• Exercise brief:
Apart from the pictures, reproduce the data below exactly as it stands.

• Dataset content:
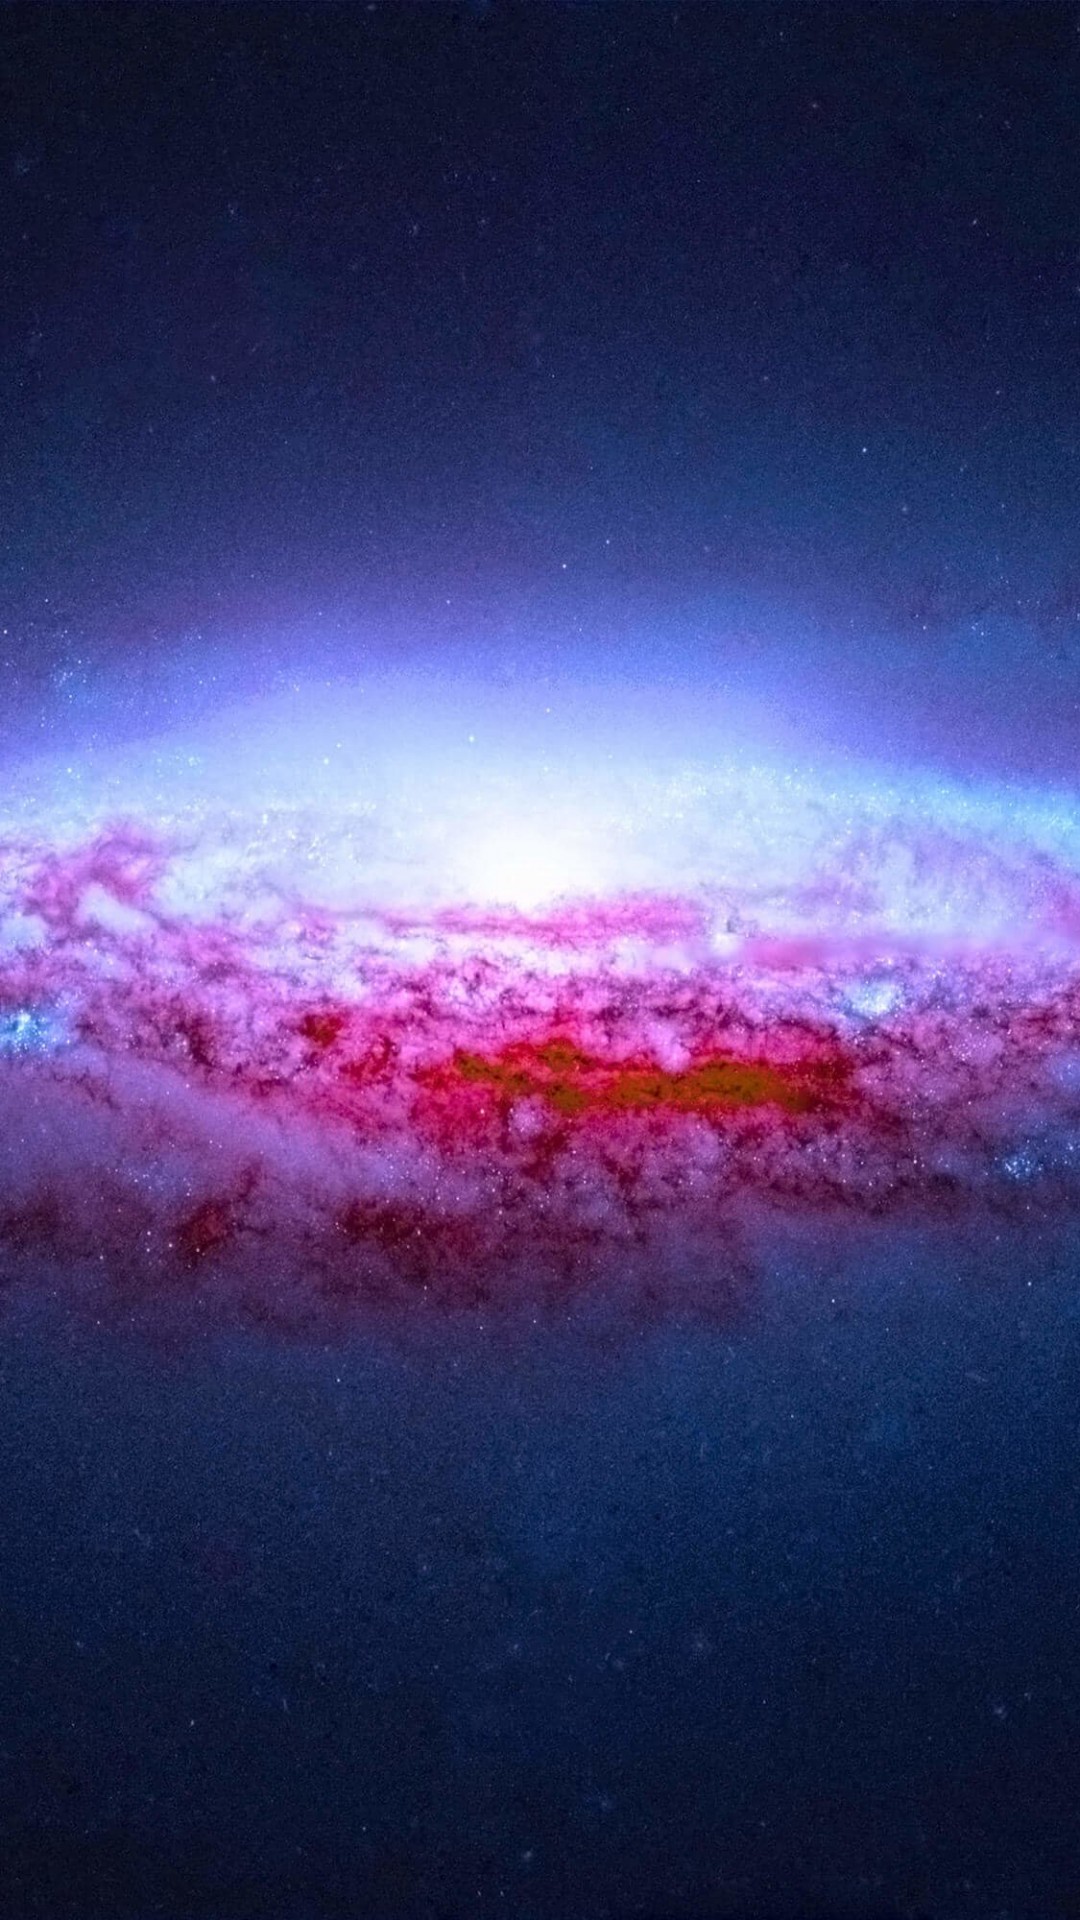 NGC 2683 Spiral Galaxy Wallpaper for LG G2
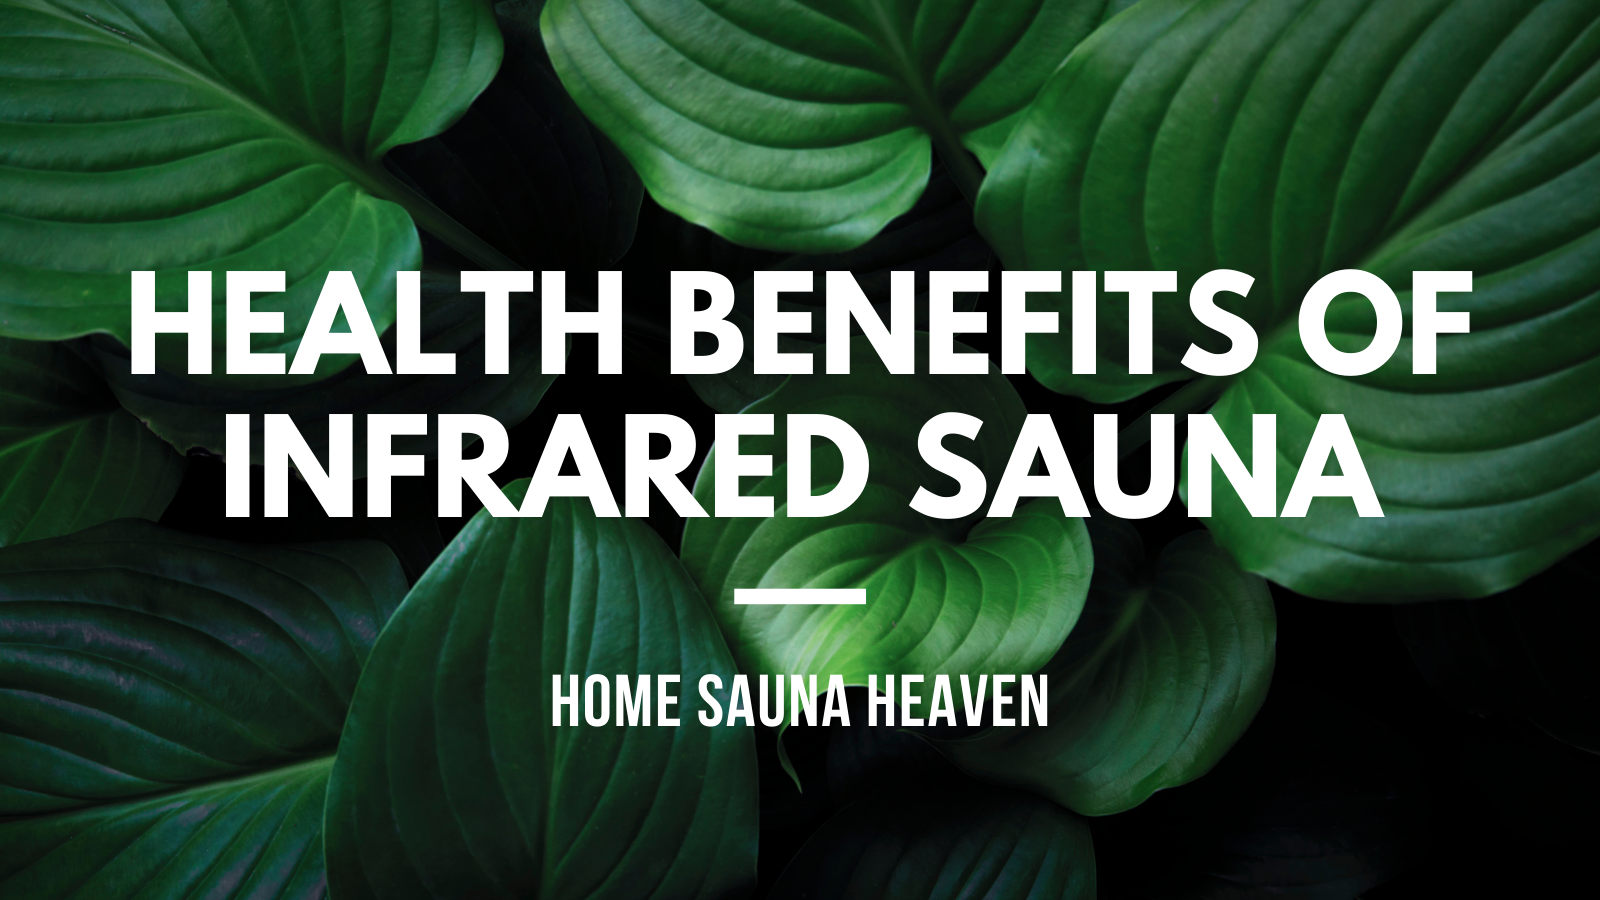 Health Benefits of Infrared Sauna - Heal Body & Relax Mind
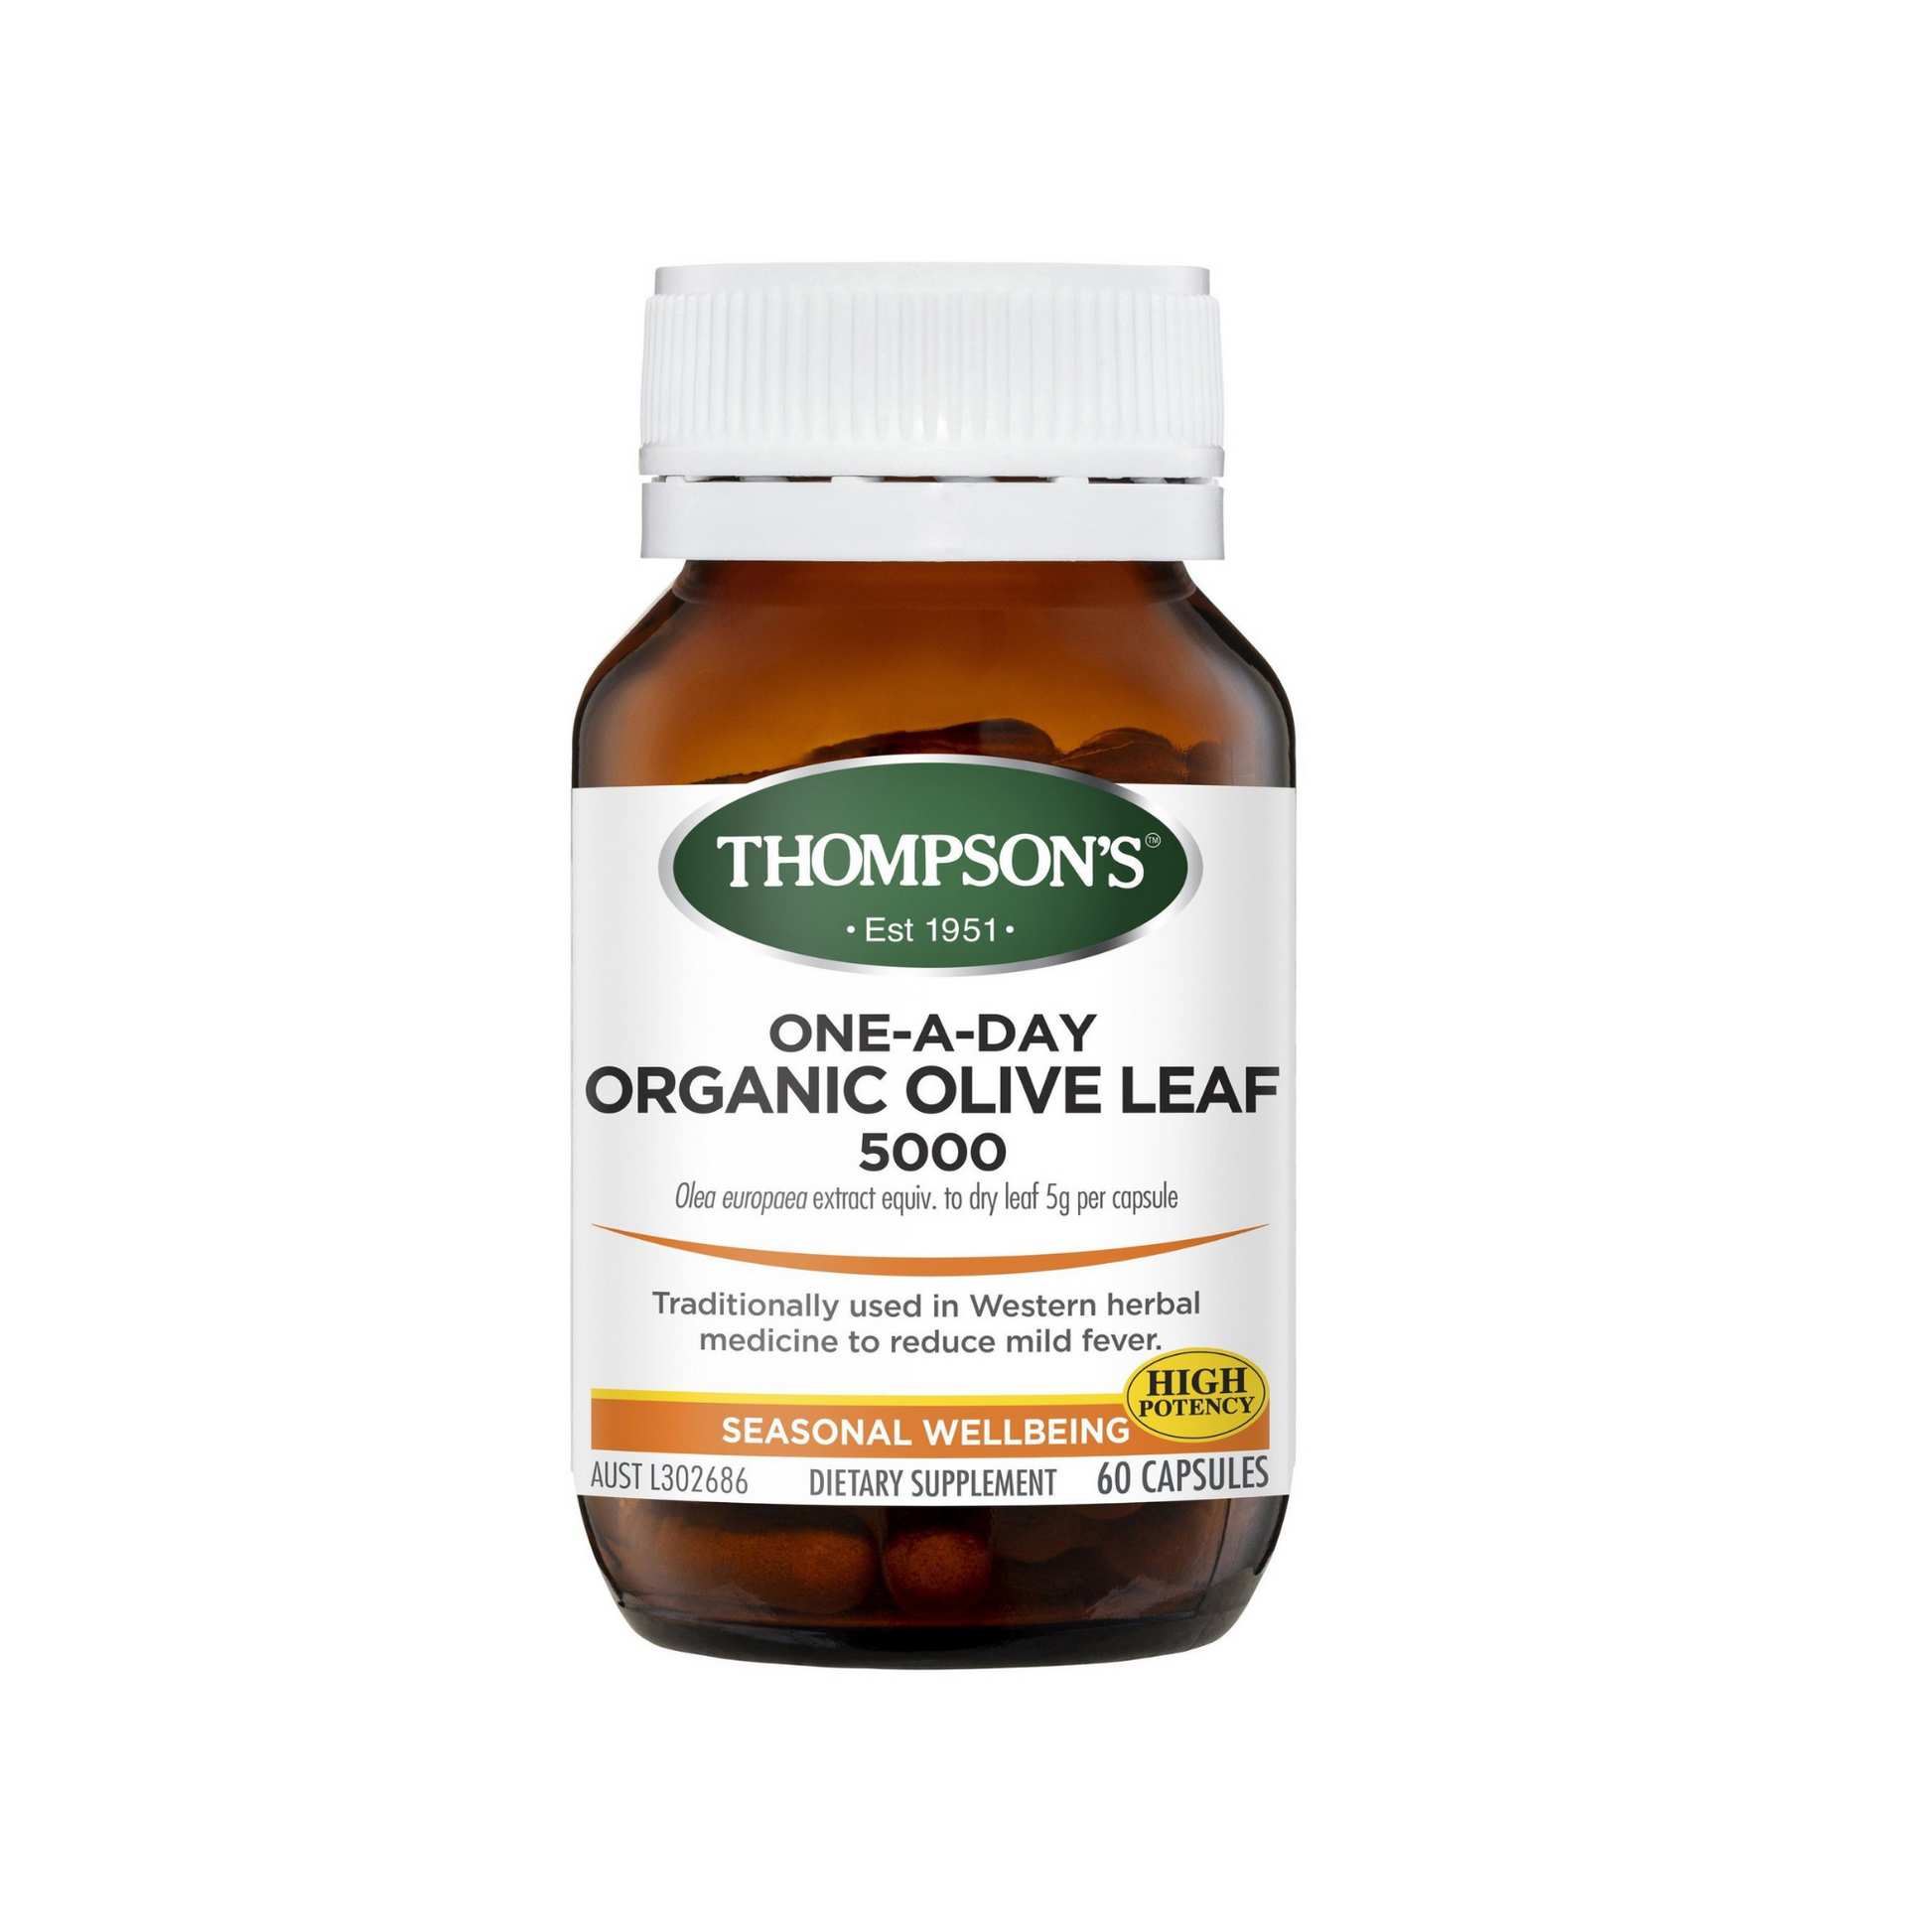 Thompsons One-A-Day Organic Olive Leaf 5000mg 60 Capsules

• Solution below:
 NGC 2683 Spiral Galaxy Wallpaper for LG G2
 Health Benefits of Infrared Sauna - Heal Body & Relax Mind
 Thompsons One-A-Day Organic Olive Leaf 5000mg 60 Capsules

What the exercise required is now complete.